Indian benchmark indices continue to tumble as investors wait for the outcome of the MPC meeting that began on 5th December and will be concluded on 7th December.
BSE Sensex continues to trade 250-300 points lower after opening at 62,395 points and NSE Nifty-50 also remains well below the 18,700 mark after opening at 18,600 points. SGX Nifty, an index that opens before the Indian stock market and sets the tone for the likely performance of the Indian stock market, was trading down 105 points, or 0.6%, early morning today.
Prashanth Tapse, Research Analyst and Senior VP (Research) at Mehta Equities warns investors of some choppy trading. He said, "Indian equities are likely to decline in early Tuesday trades on the back of overnight slump in US markets and subsequent weakness in Asian indices. Last Friday's hotter-than-expected US jobs report added to concerns that the Federal Reserve might need to be even more aggressive in its battle against inflation, despite concerns about a looming recession."
The better-than-expected US nonfarm payroll data may be good news for the economy but it can be negative for the market and may trigger a selloff as it indicates no sign of easing inflation to the Fed. The market momentum worldwide is likely to stay sluggish in a bid that Fed may not stay as dovish as it sounded before on its monetary stance and may hike interest rates by more than half a percentage in its upcoming Federal Open Market Committee (FOMC) meeting on December 13th and 14th.

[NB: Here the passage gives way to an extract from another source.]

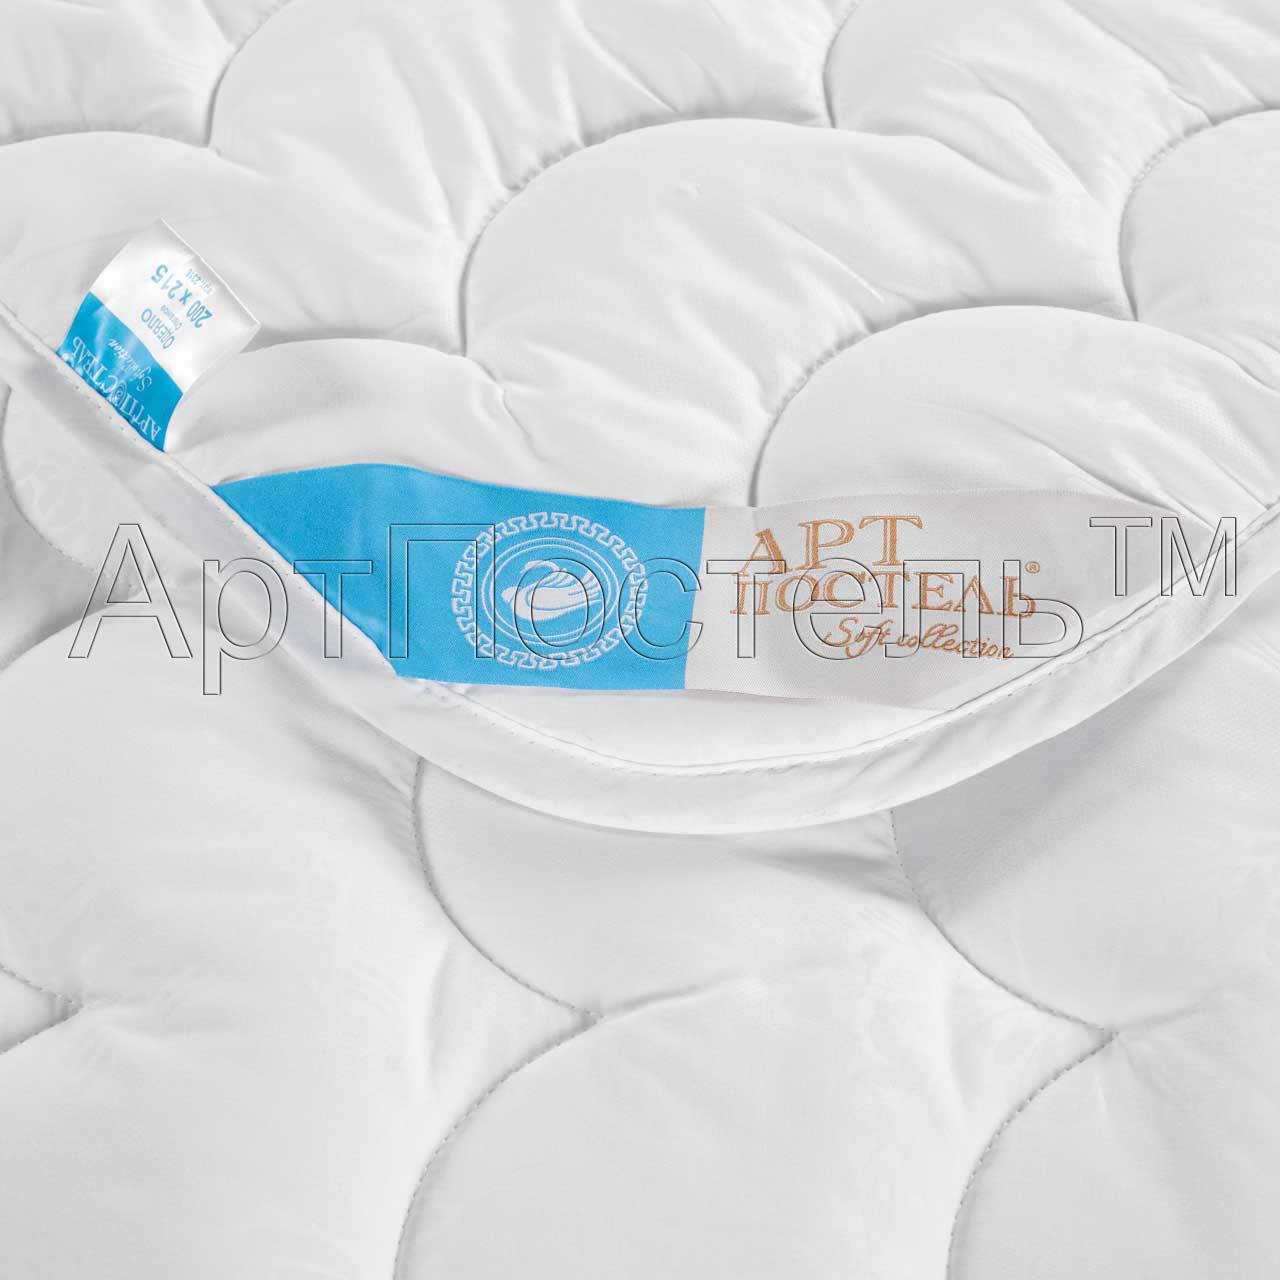 Одеяло Лебяжий пух Soft Collection, размер Евро (200х215 см)Одеяла<br>Длина:215 см<br>Ширина:200 см<br>Чехол:Стеганый, с окаймляющей лентой<br>Плотность ткани:115 г/кв. м<br>Плотность наполнителя:350 г/кв. м<br><br>Тип: Одеяло<br>Размер: 200x215<br>Материал: Лебяжий пух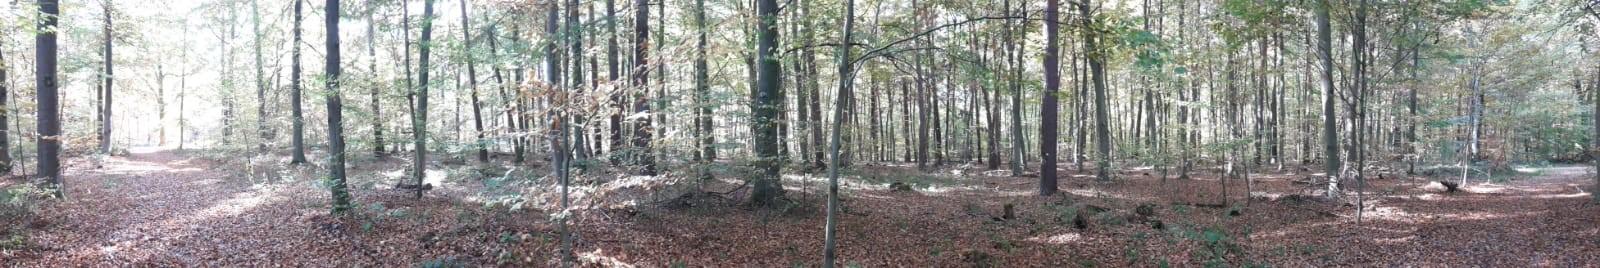 Interview mit der Rheinpfalz zu den Baumfällungen im Stadtwald / Irmgard Münch-Weinmann

Meanwhile, investors are closely following the ongoing MPC meeting. Mohit Nigam, Fund Manager & Head at PMS, Hem Securities, said, "Investors are waiting for the conclusion of the RBI Monetary Policy Committee meeting before making any significant movements. The conclusion of the conference will be made public on 7th December. It is predicted that the Reserve Bank of India MPC would announce a rate rise of 35 basis points (bps)."